For example fluoride in salive in a fluoridated city is only 0.016 ppm, completely useless in affecting calcium phosphate preciptation and the structure of teeth enamel, at 96,000 times less concentrated than in fluoridated toothpaste.. It;'s a scam that makes money for cities and in CA muich of the money comes from Delta Dental who never reimburses a member with more funds than what the member pays into it in the first place The extra money is given to cities to fluoridate. For San Diego it was First Five money from collected tobacco taxes that was supposed to be used for childrens' health programs. Again, money talks, and Democracy and truth walk.
Dental fluorosis is now endemic in the U.S. because of water fluoridation. it is not because of toothpaste fluoride in most cases, as claimed recently by the CDC who are protecting their longheld view that fluoridation is harmless. The original observations were reported by Dean in the 1930's that water fluoride at 1 ppm was causing substantial dental fluorosis in kids at the time, long before fluoridated toothpaste was ever invented.
If I tell you the data on Broadbent, you will not spend the time to read the study again and evaluate the the flaws.
How many cohorts were subjects on fluoridated water?
How many were controls?
How many of the controls were on fluoride supplements?

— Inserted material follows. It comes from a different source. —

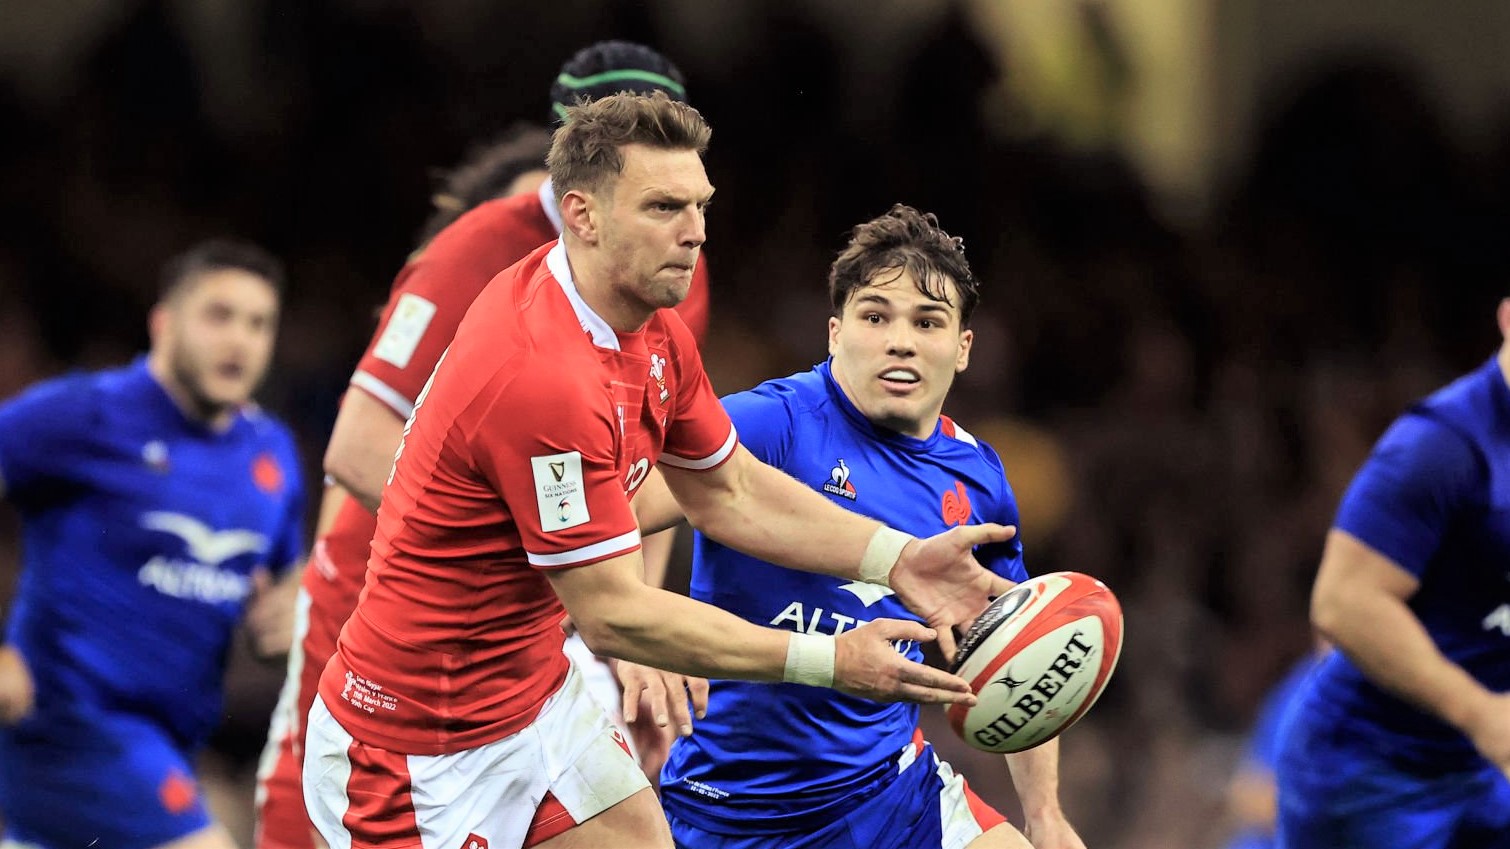 CARDIFF, WALES - MARCH 11: Dan Biggar of Wales is watched by Antoine Dupont of France during the Guinness Six Nations Rugby match between Wales and France at Principality Stadium on March 11, 2022 in Cardiff, Wales. (Photo by David Rogers/Getty Images)

What was the difference in the polution in the water between the two areas?
My point is,
Most of the subjects (if they were drinking the public water) were on fluoride supplements dispensed as fluoridation.
Most of the controls were on fluoride supplements dispensed as pills/liquid (if they took the pills).
The difference in dosage of fluoride between the two groups was too small to detect IQ loss.
This is probably the 4th time in the last few years I have repeated that the Broadbent study was incapable of determining IQ loss and is certainly not evidence ingesting fluoride is safe. . . Broadbent compared two sources of fluoride and found both to be about the same.
Bill Osmunson DDS MPH
Re: Evidence & Ethics
Ross, re the Hamilton city debacle - biased activists are biased activists even if they have degrees. Yes, I know Bob Mann too - and he is an extremist on this issue.
I interacted with many councillors after their initial decision and it was clear to me that they did not understand the science at all - what they understood is that there were two different stories coming from people they thought were experts. They were incapable of discussing the science and they had no idea of criteria to use to judge if a submitter was a real or a fake expert.
It is this confusion caused by activists pressuring councils which lead to the councils requesting, and partially financing, the authoritative NZ Fluoridation Review (https://royalsociety.org.nz/assets/documents/Health-effects-of-water-fluoridation-Aug-2014-corrected... and eventually pressure for legislation to take such decisions away from councils (as councils pointed out - they do not have the skills to make scientific evaluations and they considered the whole issue a "poisoned chalice" for councils). That legislation is still waiting for its second reading in parliament.
The numbers you quote are a symptom of the problem councils saw - cynical form letters and copies of letters given as submissions simply to get numbers. It’s an old activist trick.
Scientific issues should not be considered by councils, but by relevant experts. It's up to democratic bodies to consult such experts for advice - not replace them.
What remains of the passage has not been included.